Financial frictions, the housing market, and unemployment

December 29, 2014

By William Branch, Nicolas Petrosky-Nadeau and Guillaume Rocheteau

We develop a two-sector search-matching model of the labor market with imperfect mobility of workers, augmented to incorporate a housing market and a frictional goods market. Homeowners use home equity as collateral to finance idiosyncratic consumption opportunities. A financial innovation that raises the acceptability of homes as collateral raises house prices and reduces unemployment. It also triggers a reallocation of workers, with the direction of the change depending on firms’ market power in the goods market. A calibrated version of the model under adaptive learning can account for house prices, sectoral labor flows, and unemployment rate changes over 1996-2010.

A great paper that captures some of the essential frictions in the macroeconomy. A great next step would be to bring in some geography. A major friction, I believe, is that when a recession hits a region, the unemployed cannot move to greener pastures because their house cannot be sold. This cannot be captured in the model above because everyone lives in the same economy.
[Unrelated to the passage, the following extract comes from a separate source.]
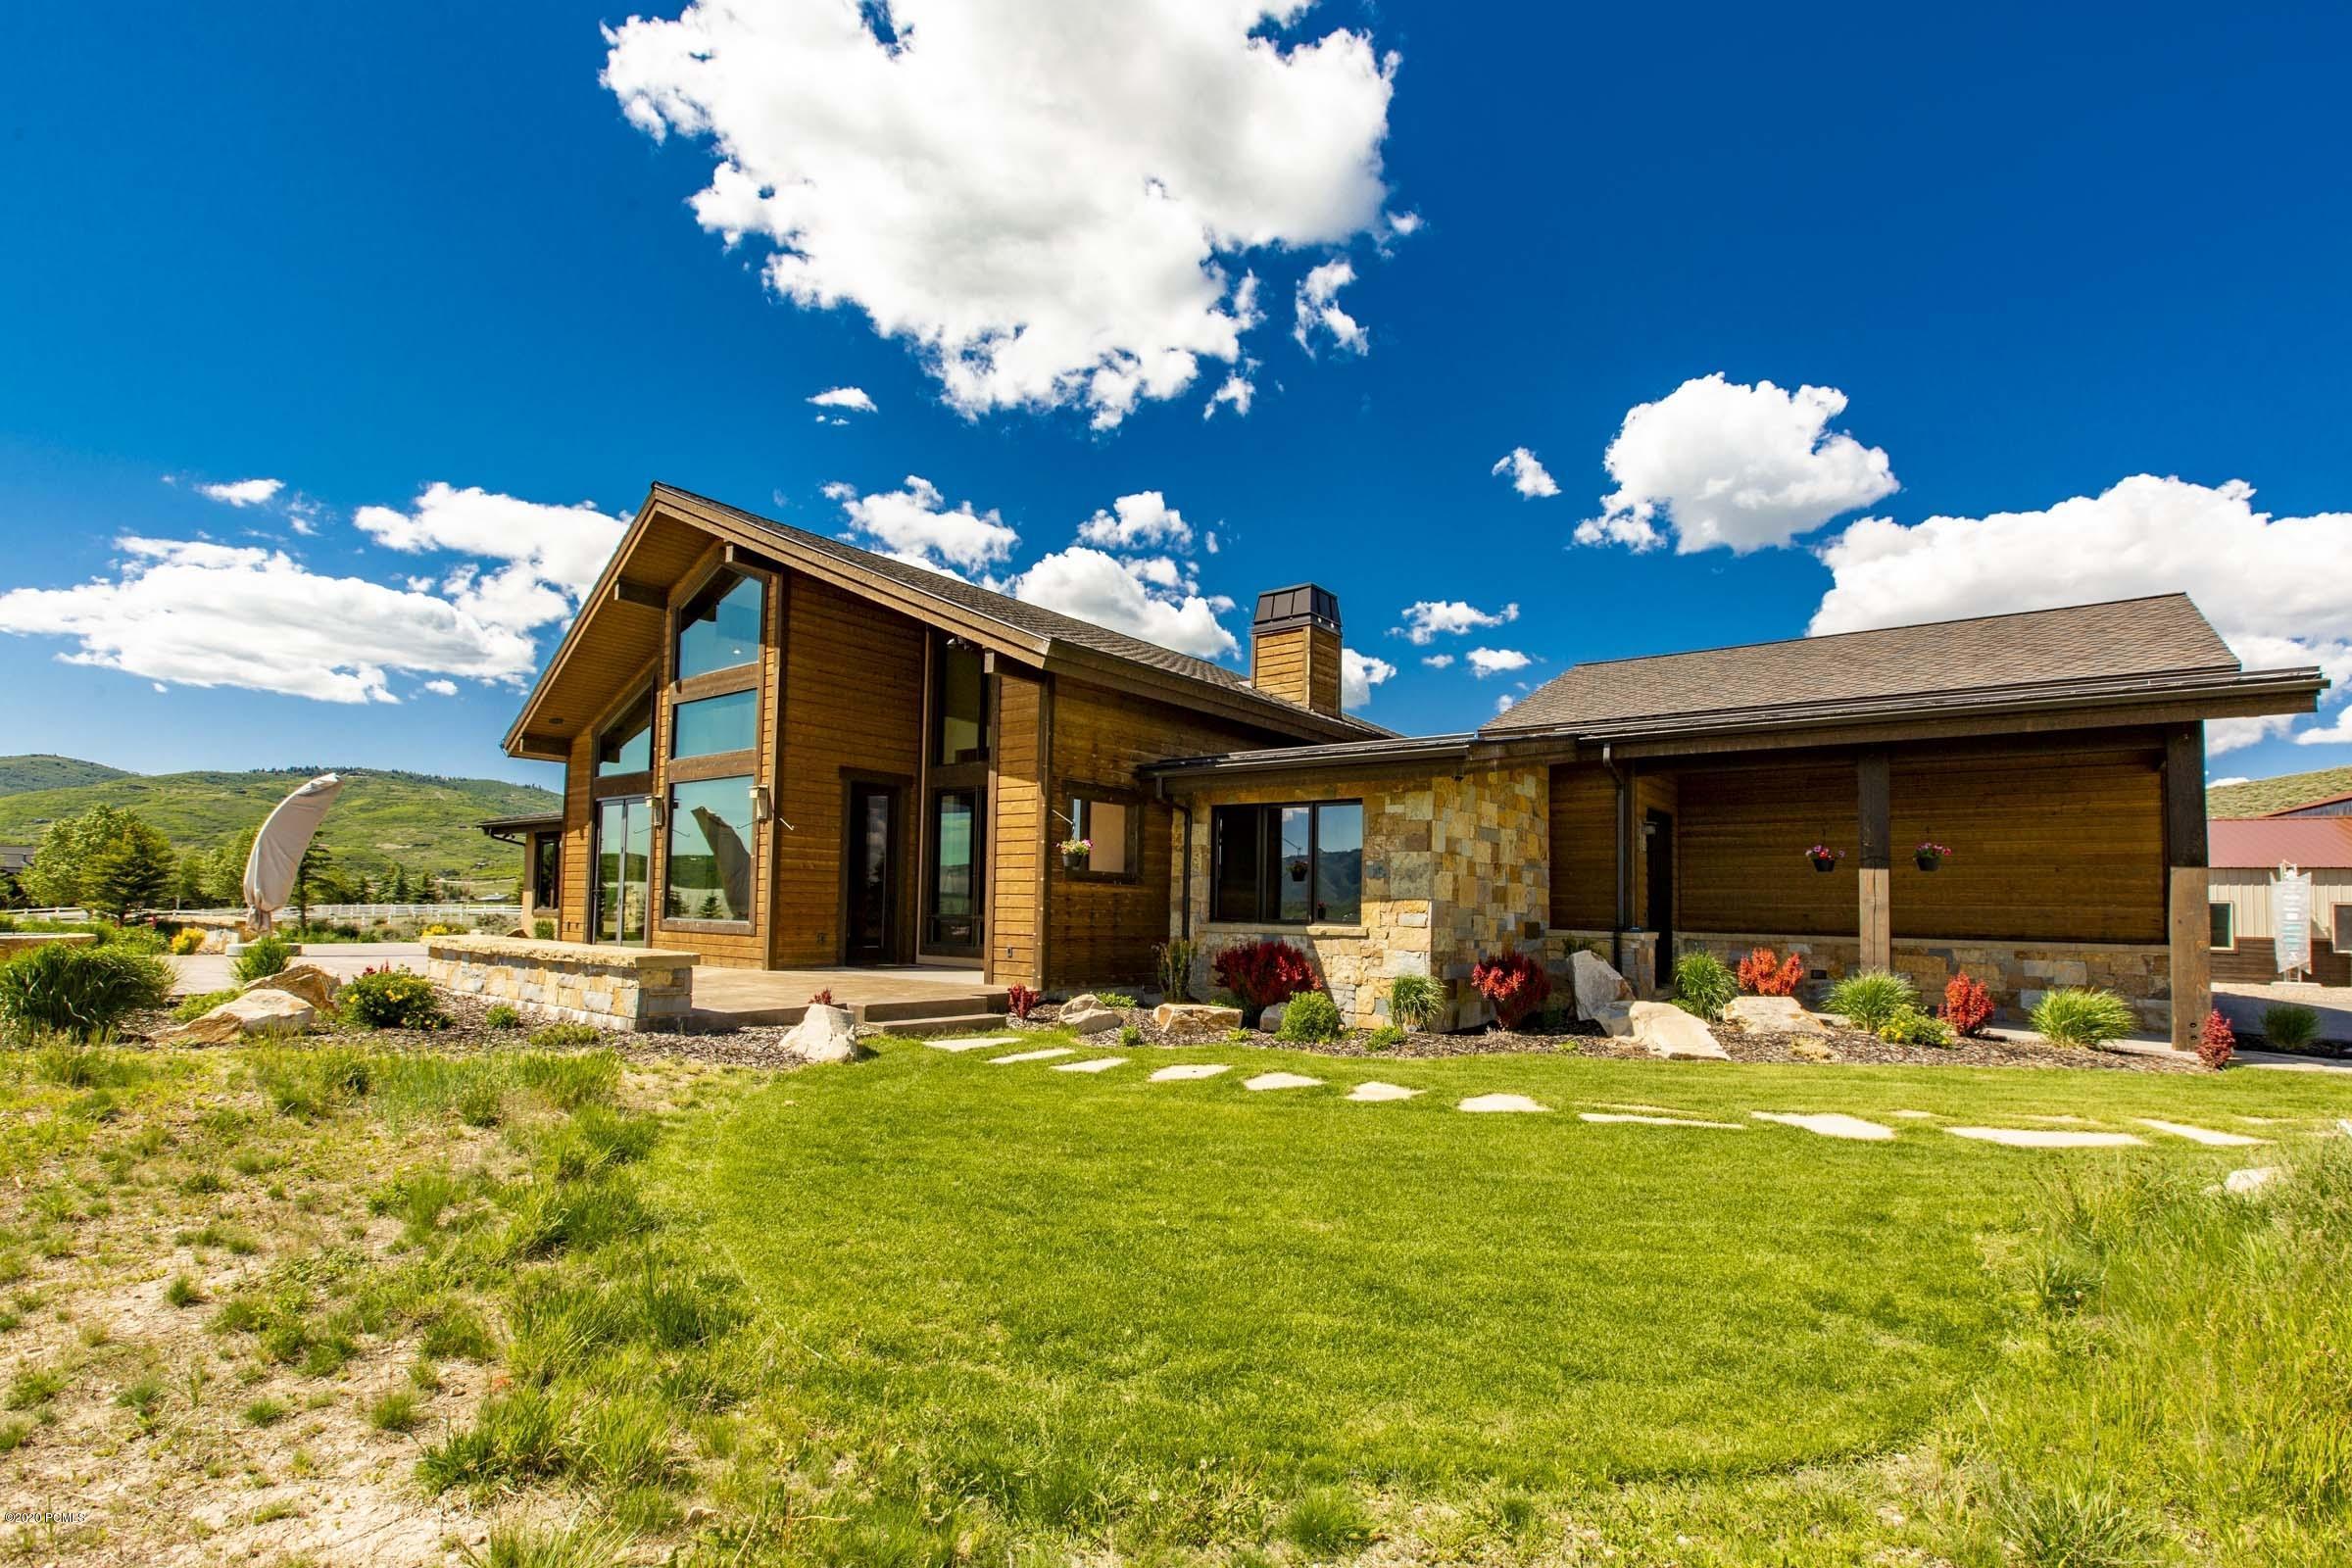 8449 Silver Creek Road, Park City, Utah 84098, 5 Bedrooms Bedrooms, ,5 BathroomsBathrooms,Single Family,For Sale,Silver Creek,20190109112430415765000000

The improved model would also be great to capture the cost of this moving friction, which should be taken into account when thinking about homeownership subsidies.

International Trade and Intertemporal Substitution

December 22, 2014

By Fernando Leibovici and Michael Waugh

This paper studies the dynamics of international trade flows at business cycle frequencies. We show that introducing dynamic considerations into an otherwise standard model of trade can account for several puzzling features of trade flows at business cycle frequencies. Our insight is that because international trade is time-intensive, variation in the rate at which agents are willing to substitute across time affects how trade volumes respond to changes in output and prices. We formalize this idea and calibrate our model to match key features of U.S. data. We find that, in contrast to standard static models of international trade, our model is quantitatively consistent with salient features of U.S. cyclical import fluctuations. We also find that our model accounts for two-thirds of the peak-to-trough decline in imports during the 2008-2009 recession.

There were lots of exciting papers to choose from in this week’s NEP-DGE report. I chose this one because it shows that international trade theory is finally awakening from its slumber to realize that dynamics and expectations matter. I think that is pretty big in itself.